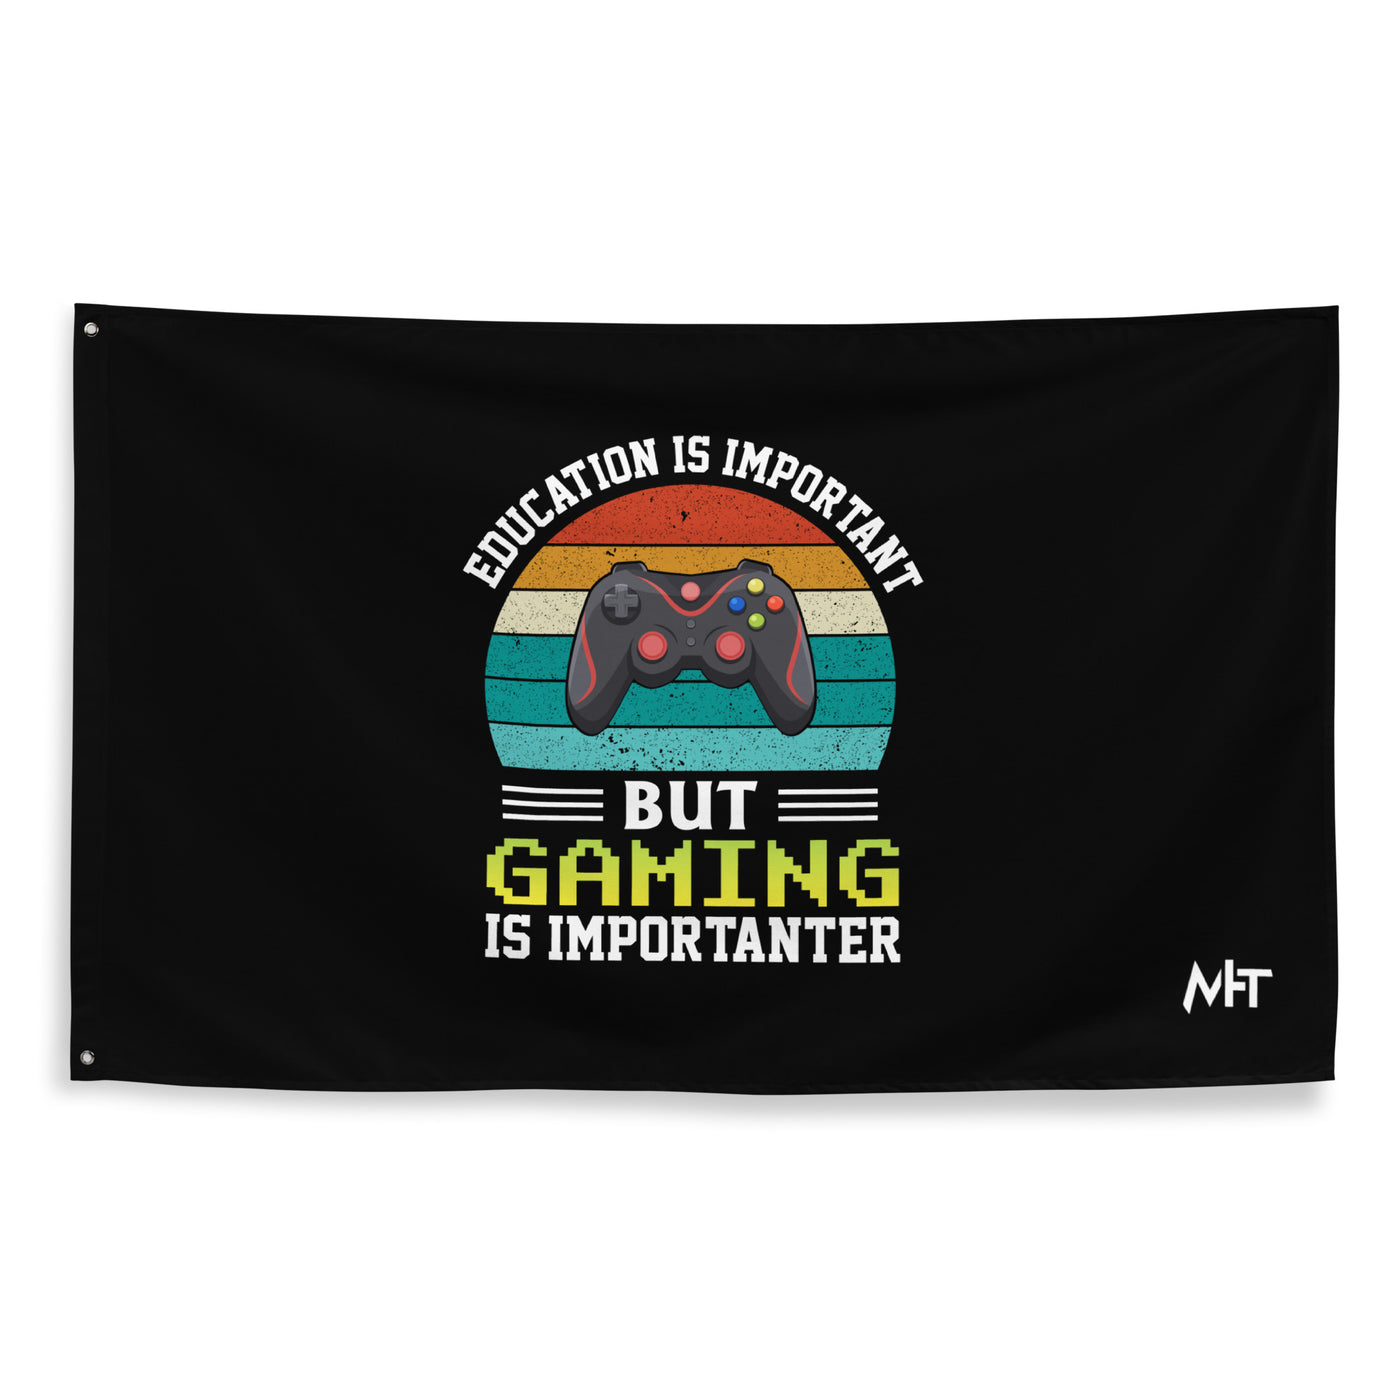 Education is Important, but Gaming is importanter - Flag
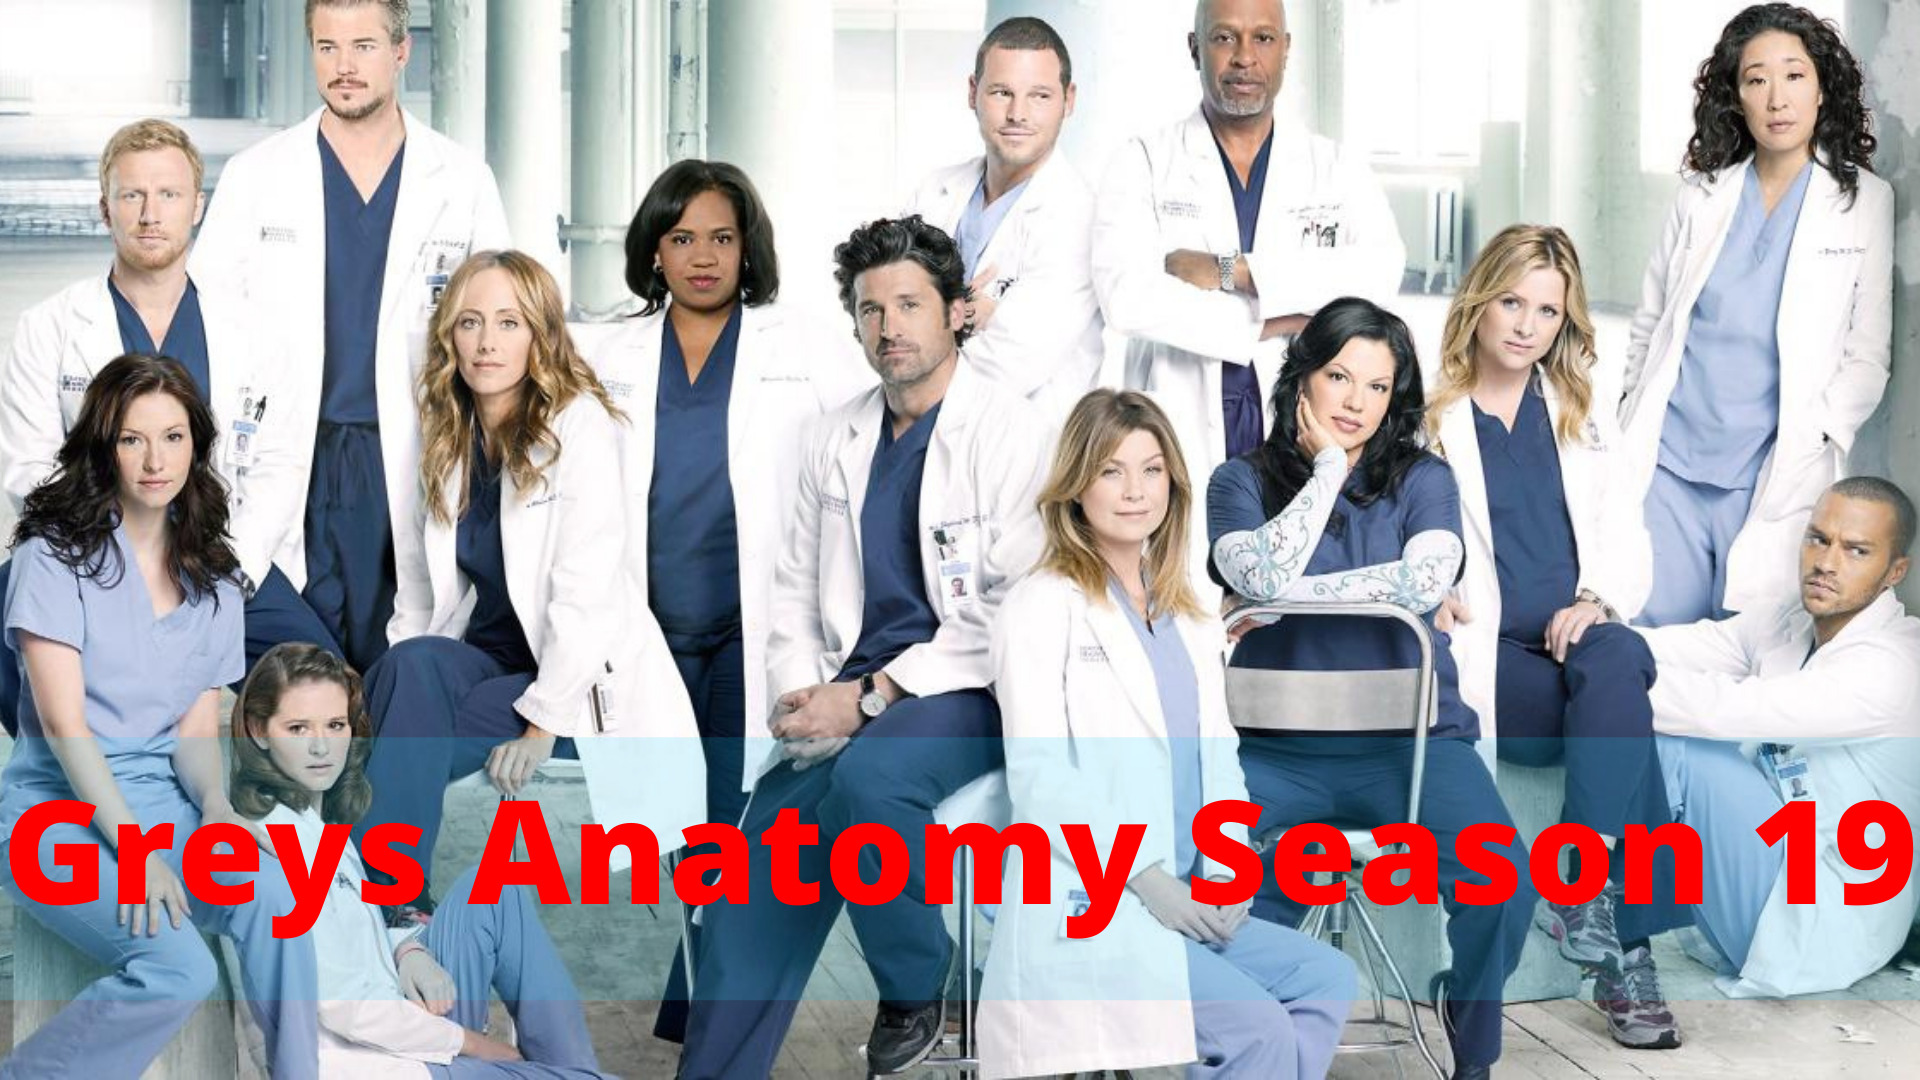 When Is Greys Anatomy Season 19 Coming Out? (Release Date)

...

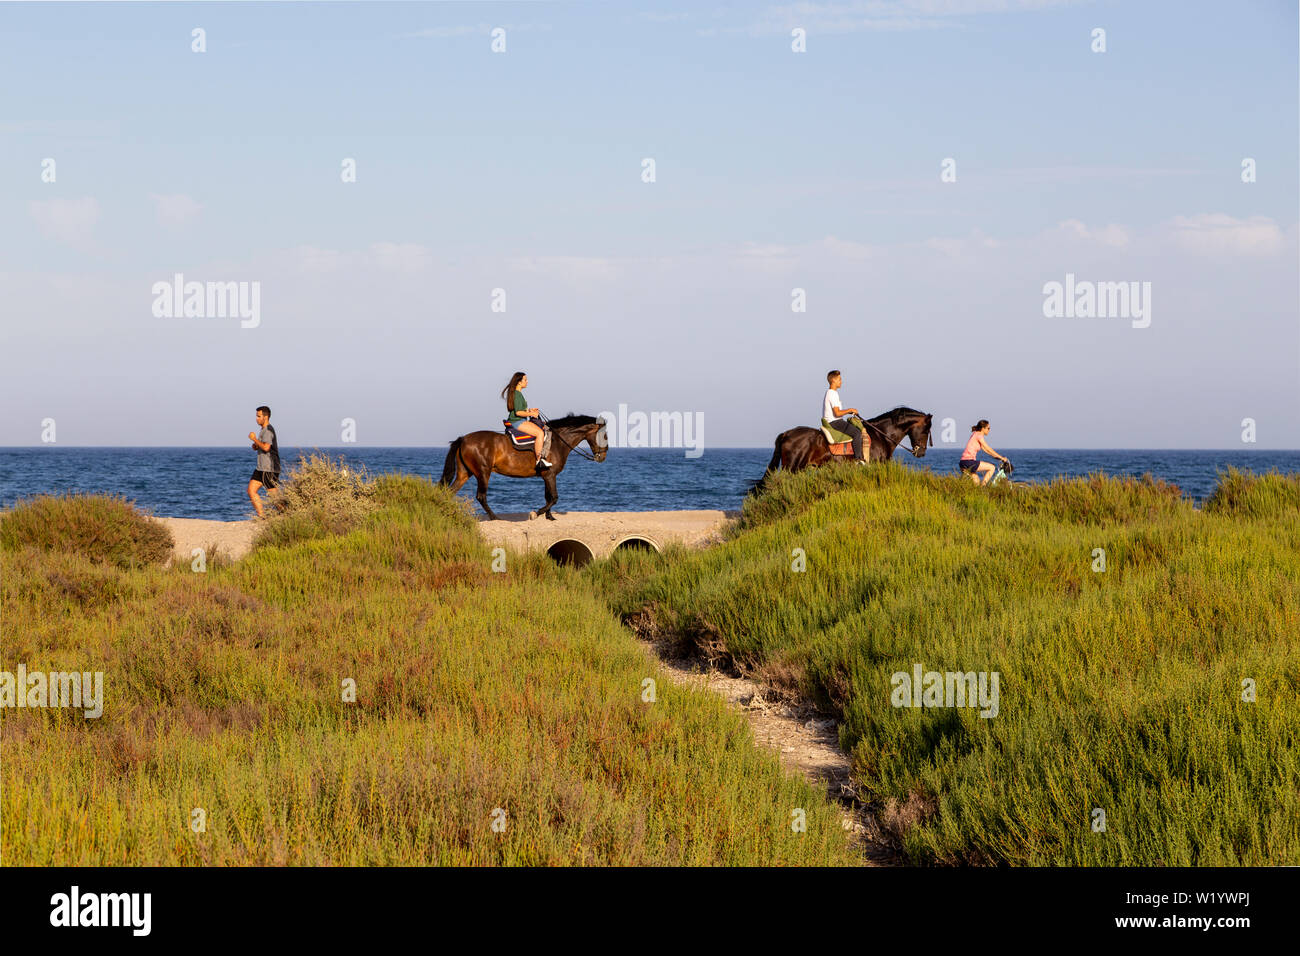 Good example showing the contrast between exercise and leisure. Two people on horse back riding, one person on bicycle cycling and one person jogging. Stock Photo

---

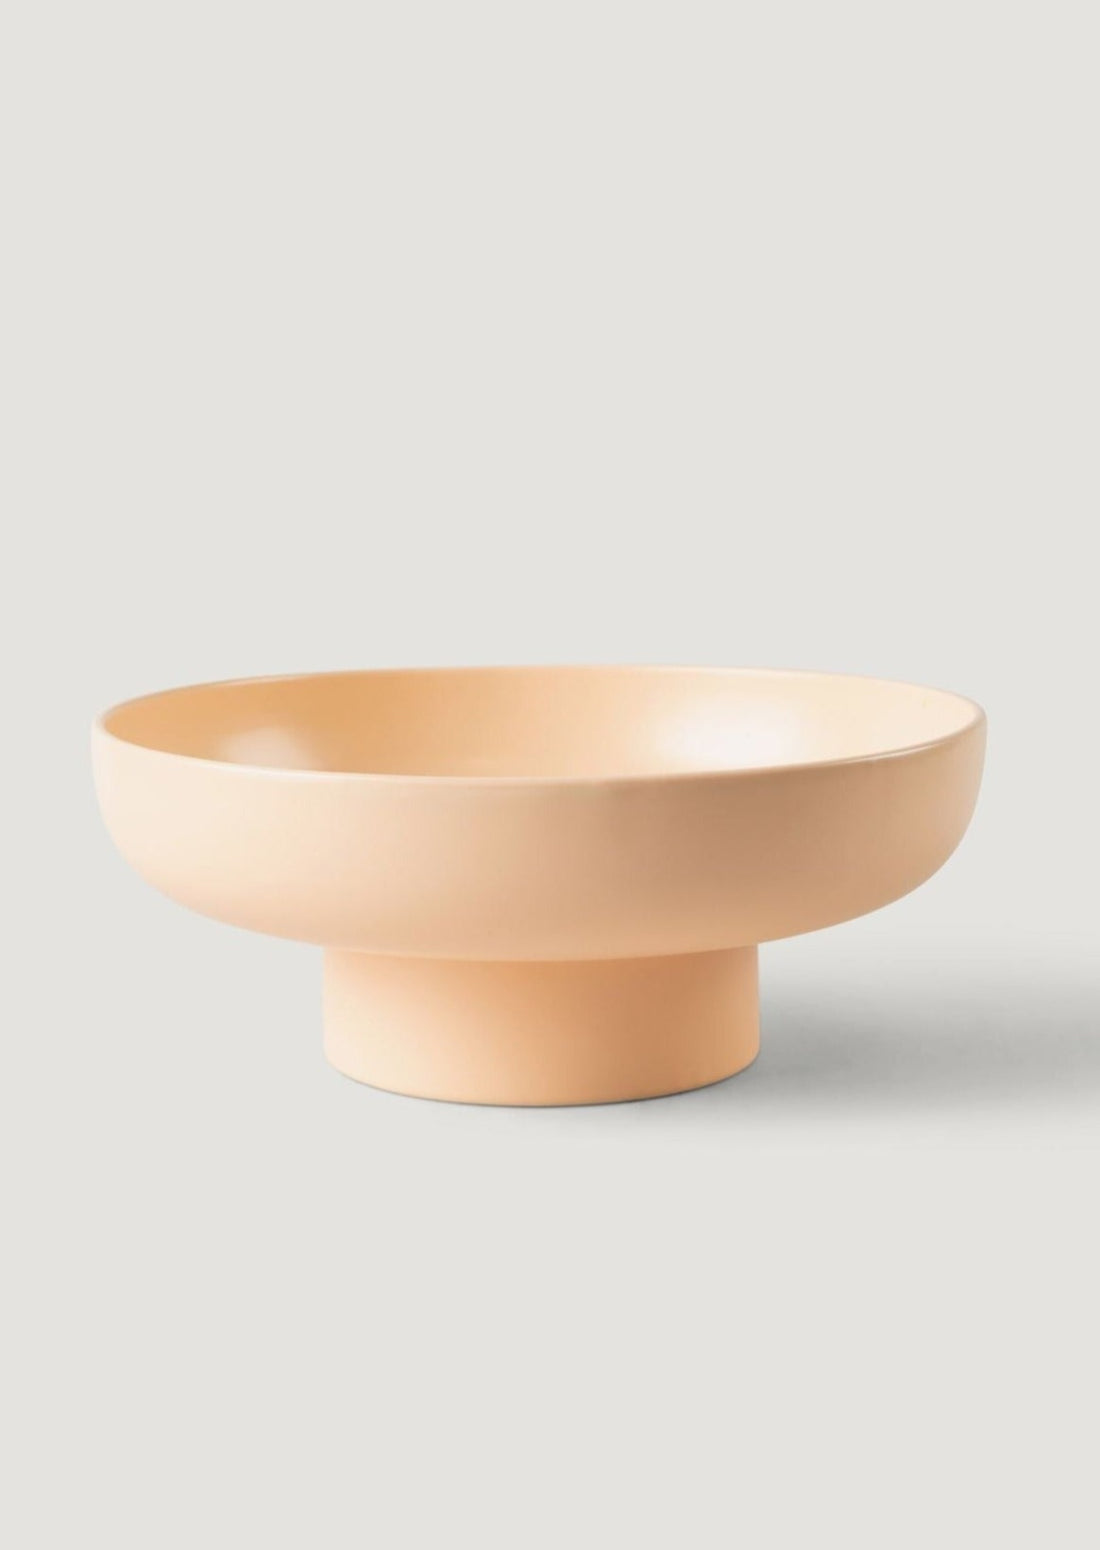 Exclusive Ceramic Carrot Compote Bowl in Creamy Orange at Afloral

PROBLEM TO SOLVE ▸
Starting with the line above that holds "Education is Important, but", restate each line word for word up to and including the line that holds "When Is Greys". Drop the pictures.

ANSWER TO THIS TASK ▸
 Education is Important, but Gaming is importanter - Flag
 When Is Greys Anatomy Season 19 Coming Out? (Release Date)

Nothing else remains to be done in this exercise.